### What you need to do
Among the entries below, find the line with "Lyonnais on Twitter" and the line with "Ledge Sports Scorpion". Return exactly those lines and every line between them, but no pictures.

### Data records
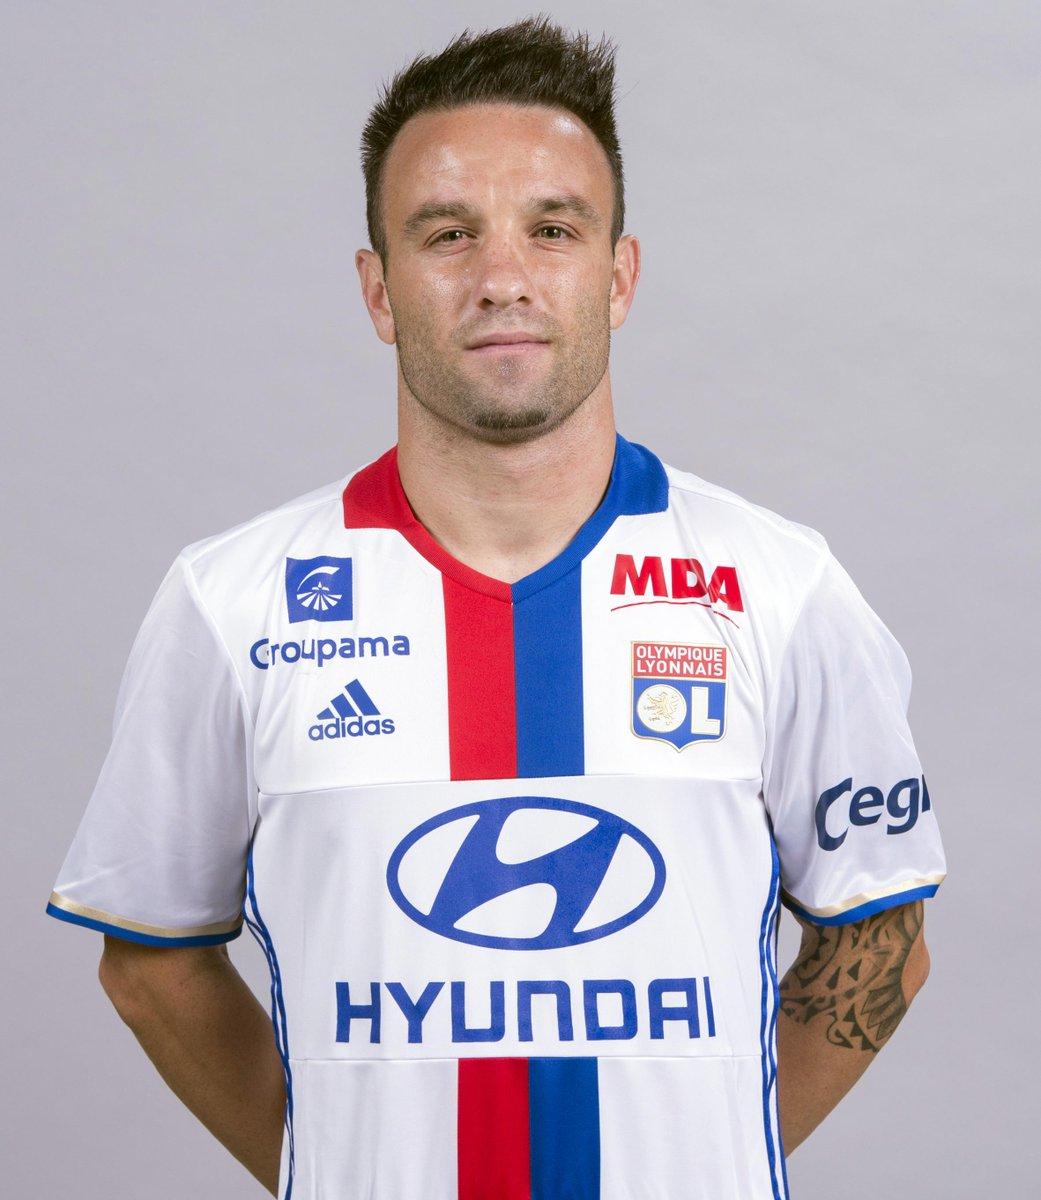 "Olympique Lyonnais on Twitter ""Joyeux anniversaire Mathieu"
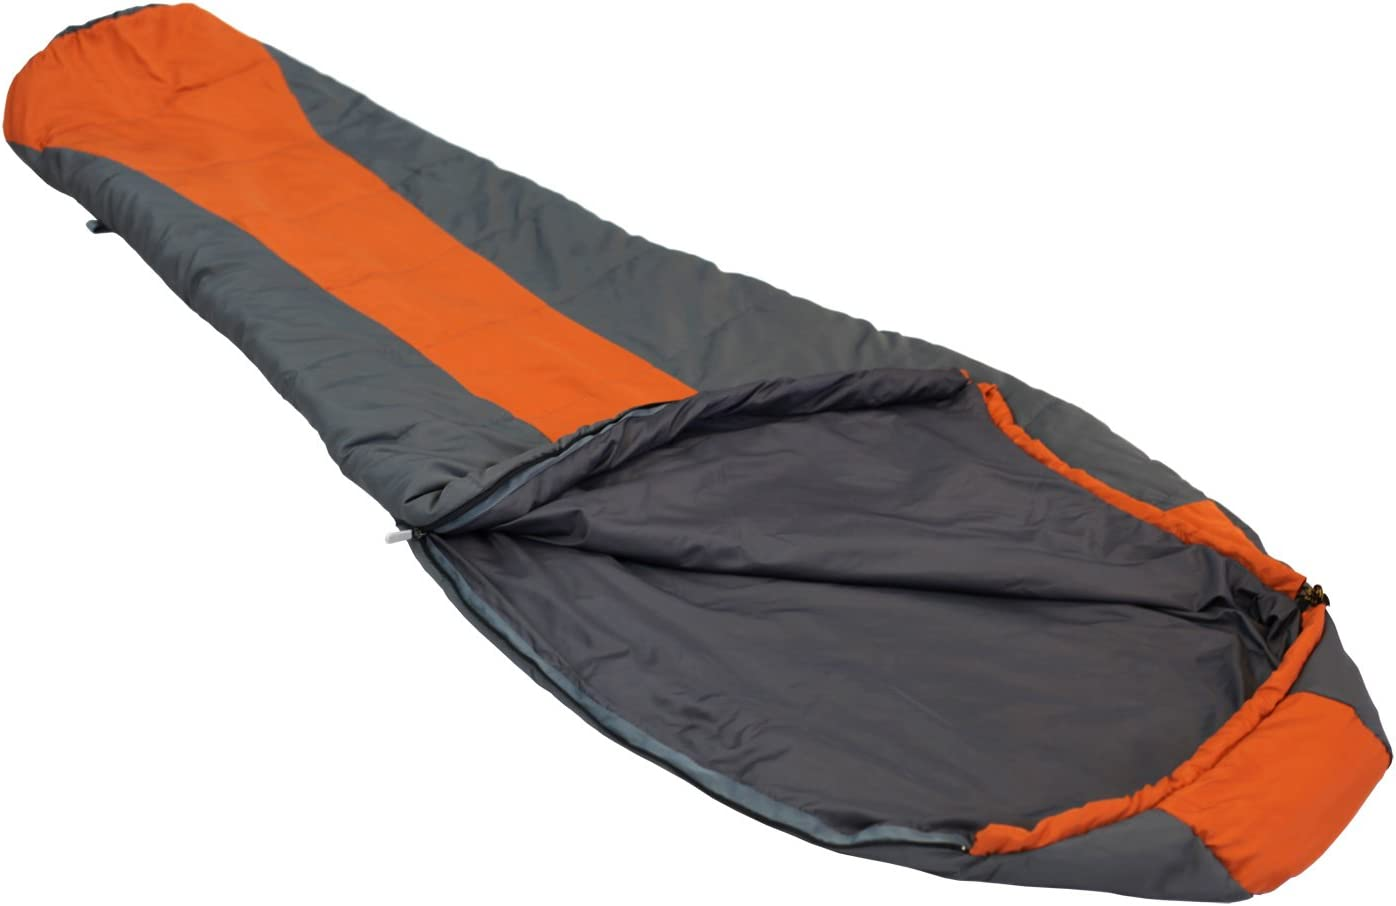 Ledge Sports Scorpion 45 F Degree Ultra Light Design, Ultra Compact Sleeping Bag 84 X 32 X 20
* * *
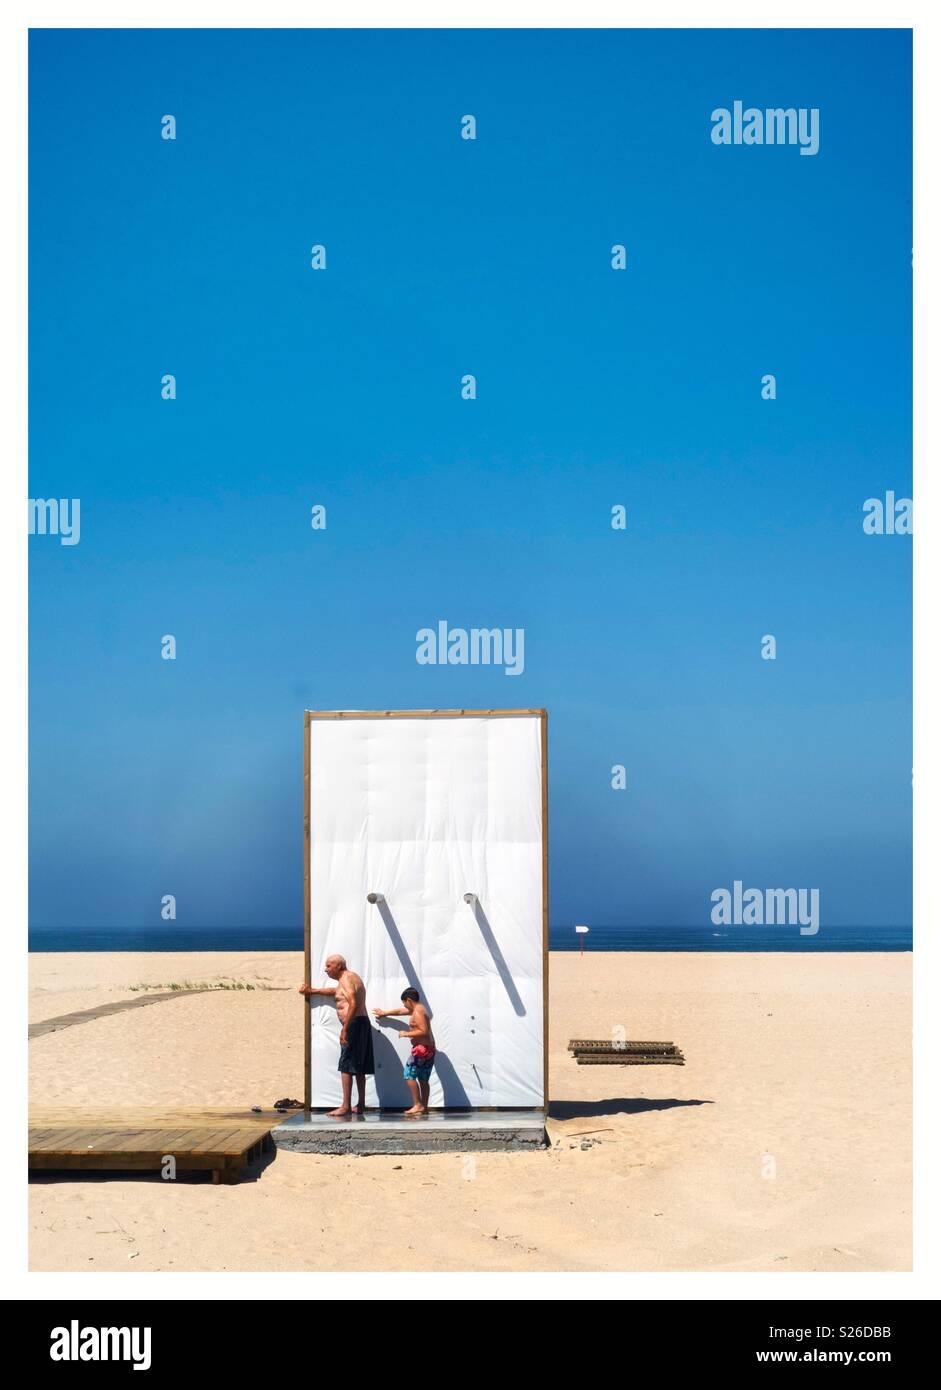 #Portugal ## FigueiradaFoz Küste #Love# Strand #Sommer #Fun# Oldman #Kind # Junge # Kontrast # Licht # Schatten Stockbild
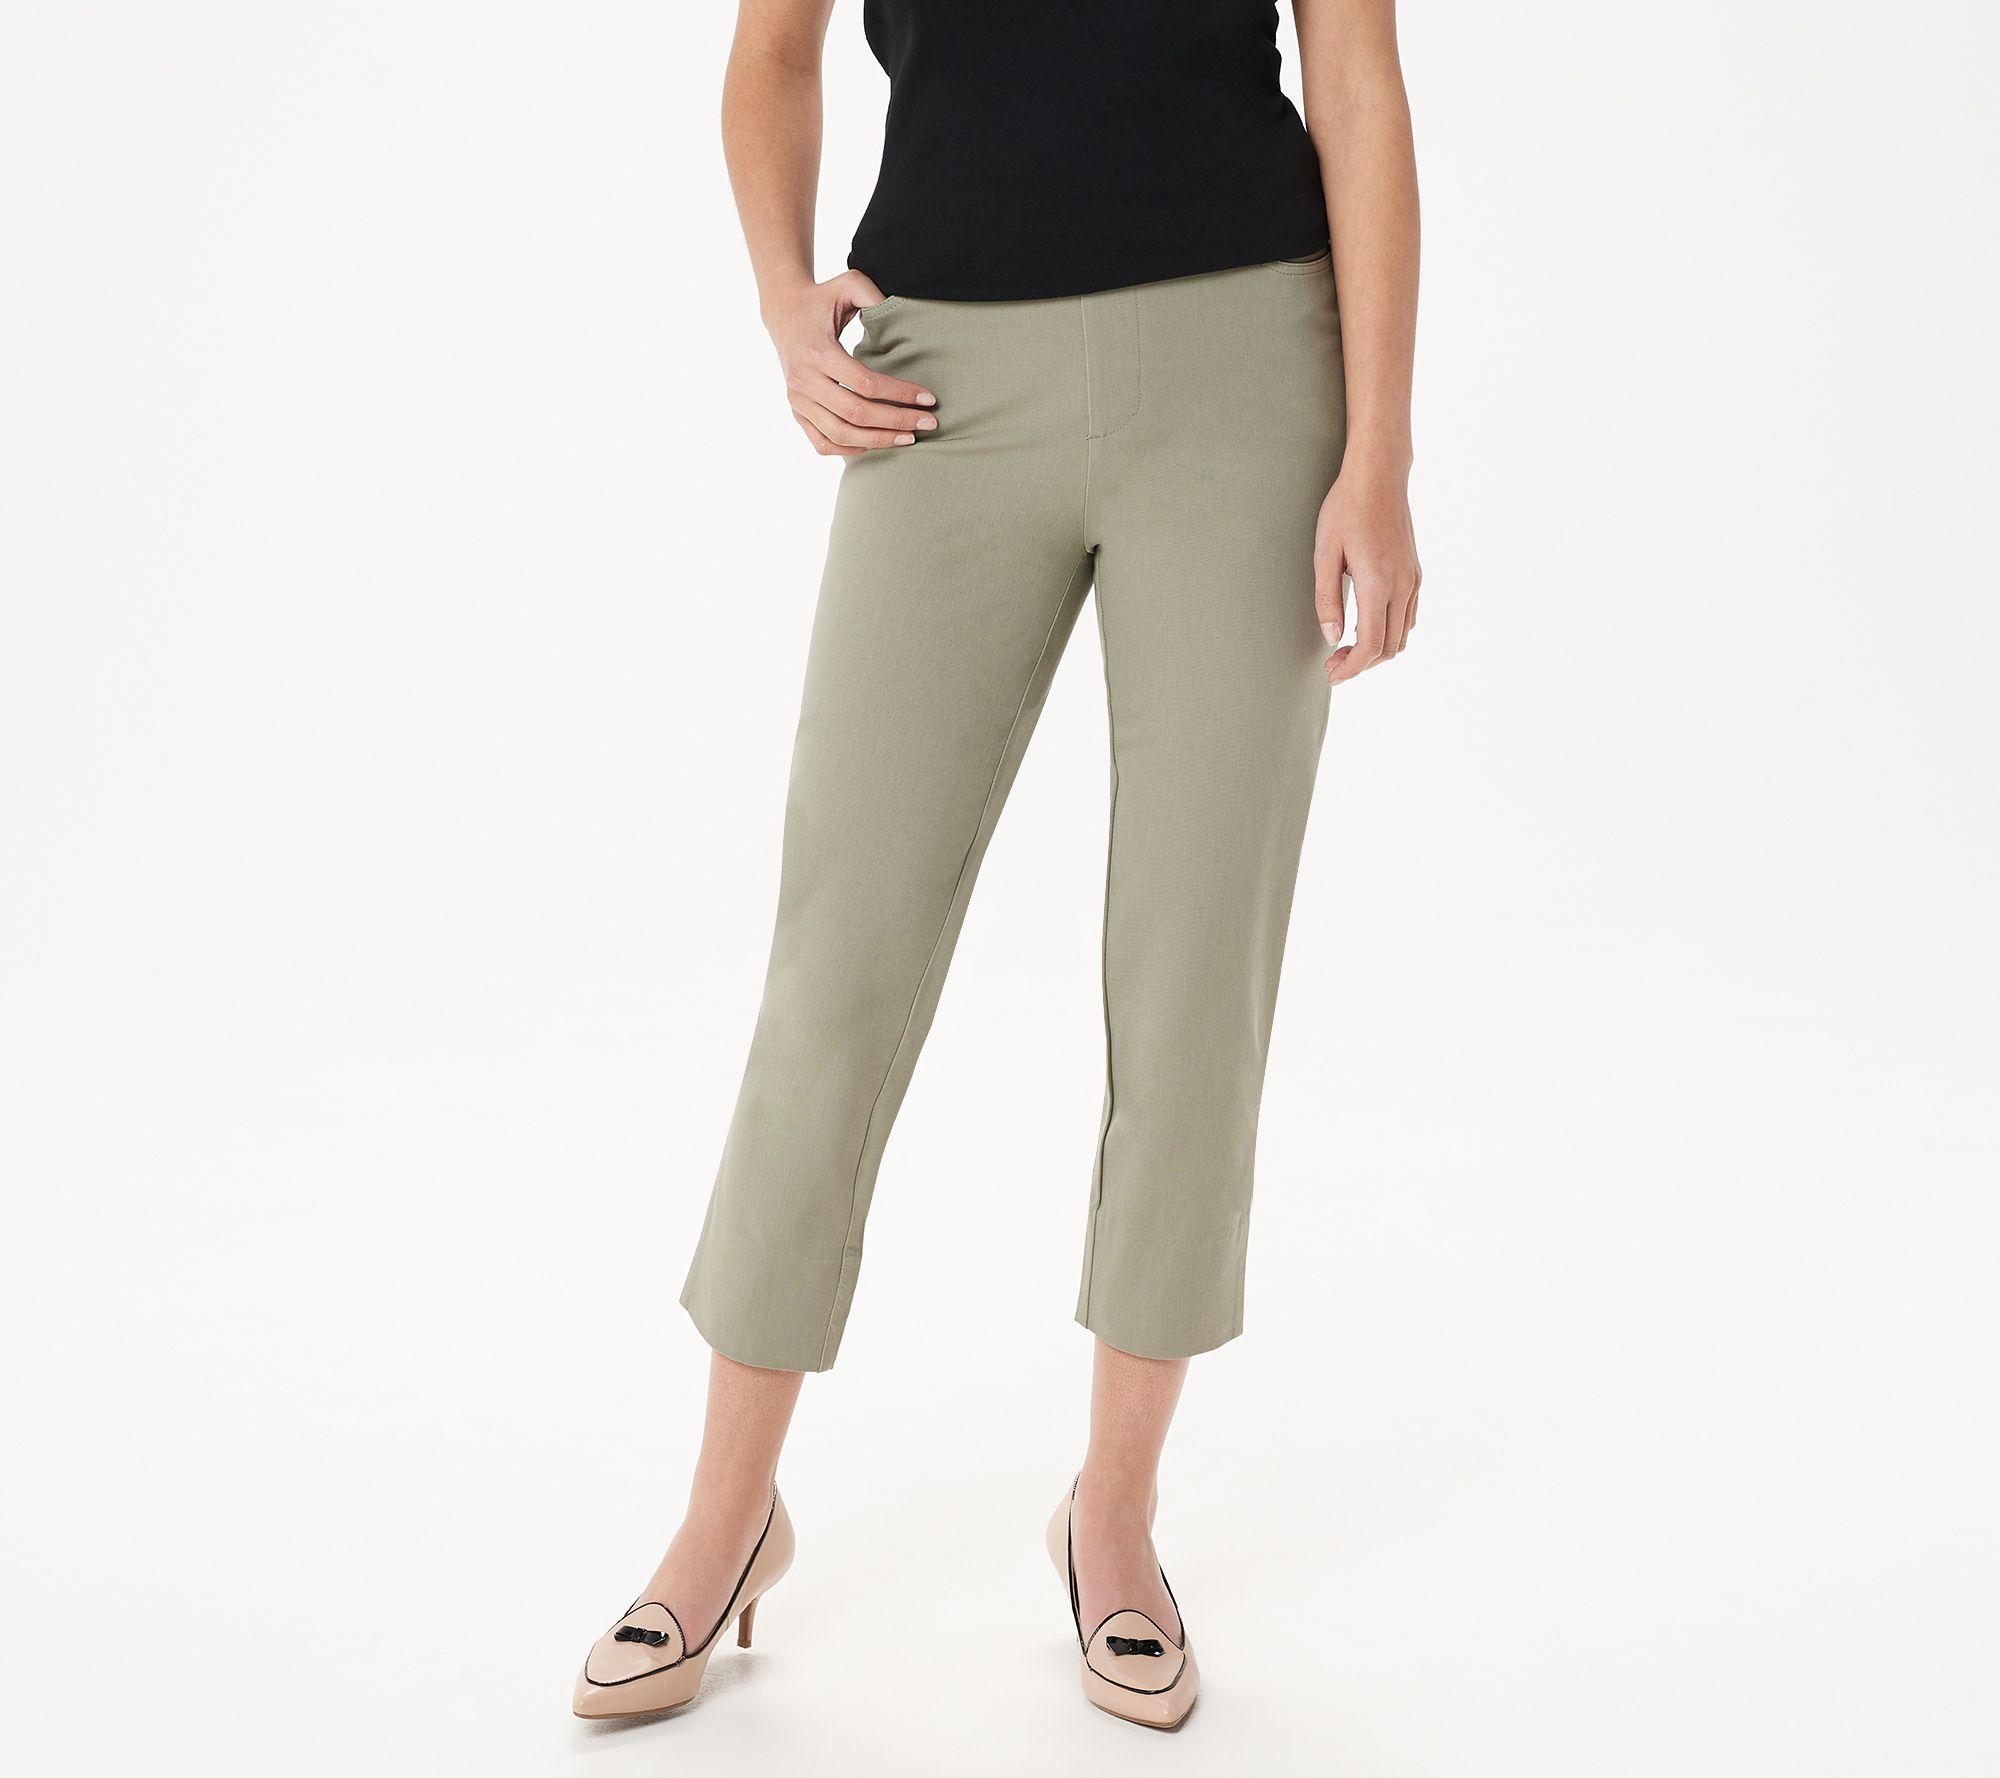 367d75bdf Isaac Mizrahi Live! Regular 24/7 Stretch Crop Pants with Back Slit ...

### Your solution
 "Olympique Lyonnais on Twitter ""Joyeux anniversaire Mathieu"
 Ledge Sports Scorpion 45 F Degree Ultra Light Design, Ultra Compact Sleeping Bag 84 X 32 X 20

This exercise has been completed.